## Dataset records

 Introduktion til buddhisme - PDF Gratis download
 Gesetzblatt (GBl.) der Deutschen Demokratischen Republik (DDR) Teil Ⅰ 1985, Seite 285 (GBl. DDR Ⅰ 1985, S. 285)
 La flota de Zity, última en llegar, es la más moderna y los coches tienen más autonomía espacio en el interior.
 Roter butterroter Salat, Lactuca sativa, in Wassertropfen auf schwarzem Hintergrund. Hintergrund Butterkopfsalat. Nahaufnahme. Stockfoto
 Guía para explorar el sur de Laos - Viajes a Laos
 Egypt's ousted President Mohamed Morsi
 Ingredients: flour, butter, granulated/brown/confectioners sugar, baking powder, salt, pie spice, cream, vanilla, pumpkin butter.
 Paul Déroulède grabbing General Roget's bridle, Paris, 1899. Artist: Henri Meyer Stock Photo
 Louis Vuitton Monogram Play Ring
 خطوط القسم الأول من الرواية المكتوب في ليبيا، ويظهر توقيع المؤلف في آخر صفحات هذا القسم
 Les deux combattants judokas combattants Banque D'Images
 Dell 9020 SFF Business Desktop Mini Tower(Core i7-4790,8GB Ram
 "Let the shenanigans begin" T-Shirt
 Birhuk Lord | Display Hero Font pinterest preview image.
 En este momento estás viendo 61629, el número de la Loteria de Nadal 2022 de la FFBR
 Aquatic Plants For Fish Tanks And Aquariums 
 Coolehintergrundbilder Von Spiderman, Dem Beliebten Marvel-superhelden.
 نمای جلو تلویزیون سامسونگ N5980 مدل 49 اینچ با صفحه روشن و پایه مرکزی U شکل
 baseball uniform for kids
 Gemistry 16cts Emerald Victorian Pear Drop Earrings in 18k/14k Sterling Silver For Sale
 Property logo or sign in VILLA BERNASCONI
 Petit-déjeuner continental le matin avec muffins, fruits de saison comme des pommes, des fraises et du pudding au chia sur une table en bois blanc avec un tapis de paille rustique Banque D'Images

## Exercise directions
Print every record above exactly as it was given.

## Response below
 Introduktion til buddhisme - PDF Gratis download
 Gesetzblatt (GBl.) der Deutschen Demokratischen Republik (DDR) Teil Ⅰ 1985, Seite 285 (GBl. DDR Ⅰ 1985, S. 285)
 La flota de Zity, última en llegar, es la más moderna y los coches tienen más autonomía espacio en el interior.
 Roter butterroter Salat, Lactuca sativa, in Wassertropfen auf schwarzem Hintergrund. Hintergrund Butterkopfsalat. Nahaufnahme. Stockfoto
 Guía para explorar el sur de Laos - Viajes a Laos
 Egypt's ousted President Mohamed Morsi
 Ingredients: flour, butter, granulated/brown/confectioners sugar, baking powder, salt, pie spice, cream, vanilla, pumpkin butter.
 Paul Déroulède grabbing General Roget's bridle, Paris, 1899. Artist: Henri Meyer Stock Photo
 Louis Vuitton Monogram Play Ring
 خطوط القسم الأول من الرواية المكتوب في ليبيا، ويظهر توقيع المؤلف في آخر صفحات هذا القسم
 Les deux combattants judokas combattants Banque D'Images
 Dell 9020 SFF Business Desktop Mini Tower(Core i7-4790,8GB Ram
 "Let the shenanigans begin" T-Shirt
 Birhuk Lord | Display Hero Font pinterest preview image.
 En este momento estás viendo 61629, el número de la Loteria de Nadal 2022 de la FFBR
 Aquatic Plants For Fish Tanks And Aquariums 
 Coolehintergrundbilder Von Spiderman, Dem Beliebten Marvel-superhelden.
 نمای جلو تلویزیون سامسونگ N5980 مدل 49 اینچ با صفحه روشن و پایه مرکزی U شکل
 baseball uniform for kids
 Gemistry 16cts Emerald Victorian Pear Drop Earrings in 18k/14k Sterling Silver For Sale
 Property logo or sign in VILLA BERNASCONI
 Petit-déjeuner continental le matin avec muffins, fruits de saison comme des pommes, des fraises et du pudding au chia sur une table en bois blanc avec un tapis de paille rustique Banque D'Images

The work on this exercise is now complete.